Let’s step back and look at the overall cosmic problem more empirically: the world does in fact exist and does seem to be rich and complex. What kind of overall chronology would make sense for a world like that? It could be one that starts, putters along for a finite time, and then stops. It could be one that stretches back indefinitely into the past but eventually stops at some point in the future, or one that started at a definite point in the past but goes on indefinitely. It could be indefinitely prolonged at both start and end. Or it could be one that goes round in a permanent loop.

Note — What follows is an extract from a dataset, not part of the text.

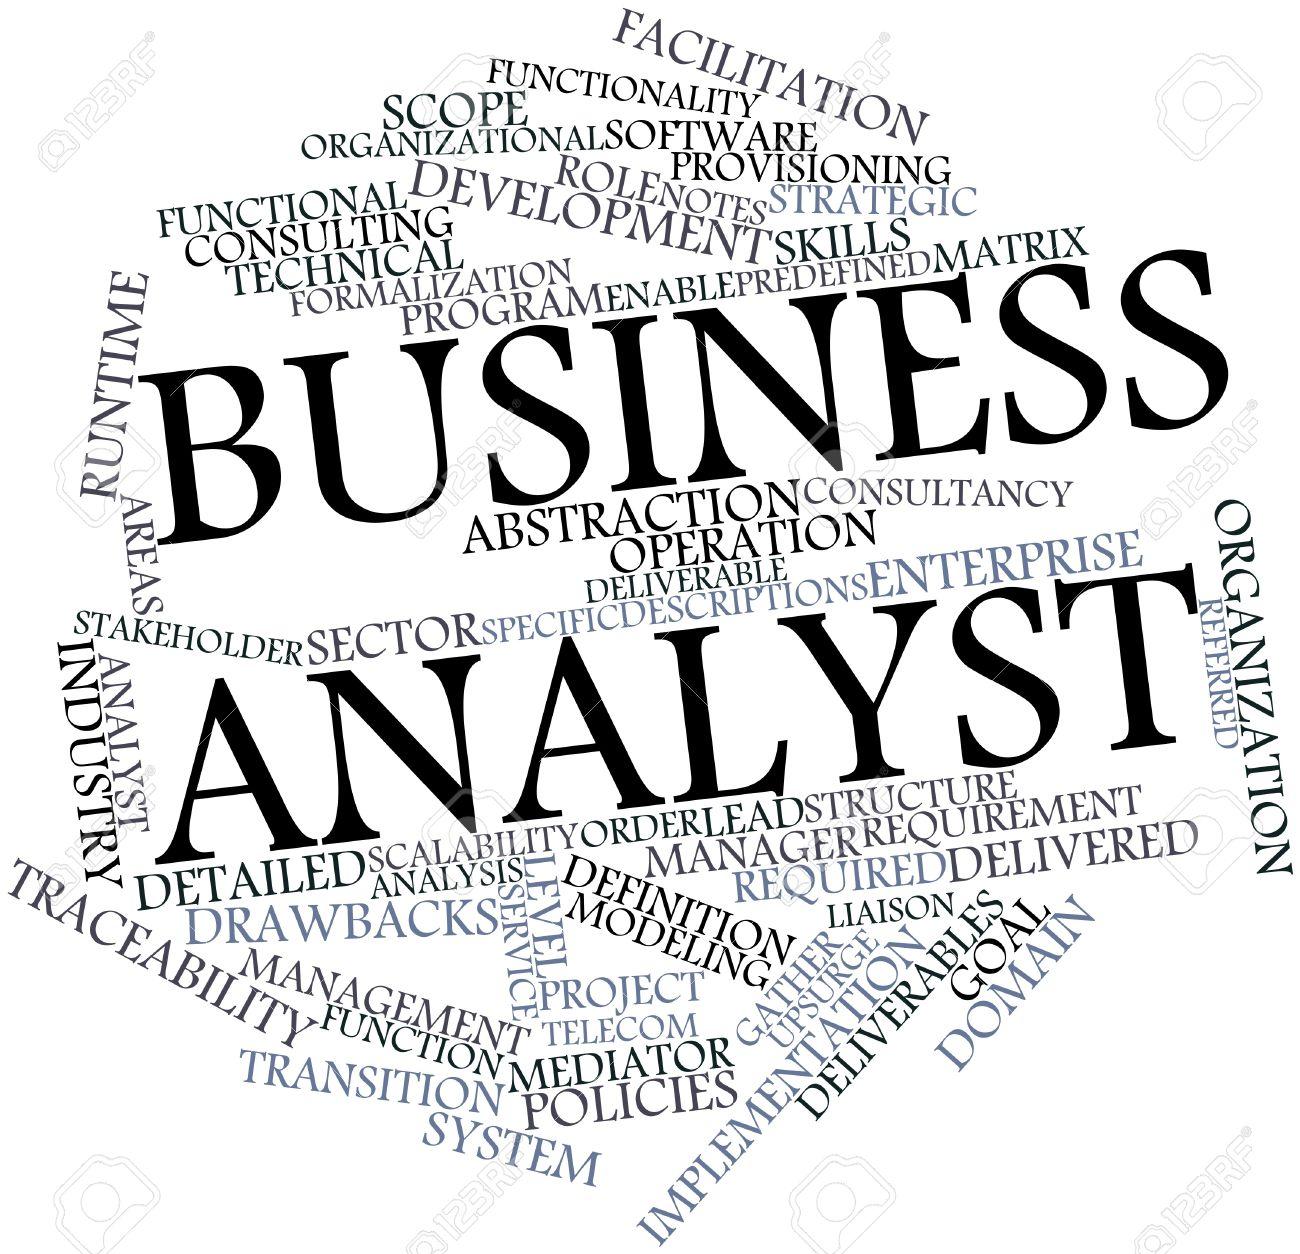 Business Analyst Training

The thing is, in different ways all these options seem to give us a universe which is unmotivated. If there is a final state in which the universe stops, why not go to that state in the first place – why spend time getting there? If the universe goes in a circle and ultimately reaches the state in which it started, why bother leaving the initial state? Our current view paints a picture of a Universe wound up by a cataclysmic Bang and then steadily running down through expansion and increasing entropy, to nothing, or as near nothing as makes no great difference: but it seems odd to start the world with a flagrant contradiction of the principle of decline that afterwards governs its development. The only world that makes sense in these admittedly vague terms is one that is going somewhere, but somewhere it will never finally reach: the only one that does that, I think, is one that starts and then goes on, not merely expanding, but transcending its earlier states and rising to higher levels of complexity indefinitely.

That doesn’t quite tell us why there is anything at all. What caused this indefinite existential transcendence in the first place? Some kind of ontic horror vacui? An inherent cosmic desire for there to be more stuff? One of the things I noticed in reading Jim Holt’s book was that there are one or two gaps in our conceptual toolkit when we embark on this quest. One of those is that we are looking for a causal explanation but we don’t really have any clear idea of what causation is at a fundamental level. Let me here just breezily offer the suggestion that the laws of causation assert the identity of one state of the world with a later state of the world: so for example to say that the world featured me striking a match in certain appropriate conditions at one moment is equivalent (under these laws) to saying there was fire at a slightly later moment. Now if that is true, the only possible causes of the existence of the cosmos at its first moment are either its non-existence at any earlier moment or its own existence at that first moment (if you allow simultaneous causation). I think this says the universe is either necessarily gratuitous or gratuitously necessary, but I’ll leave it with you there for now.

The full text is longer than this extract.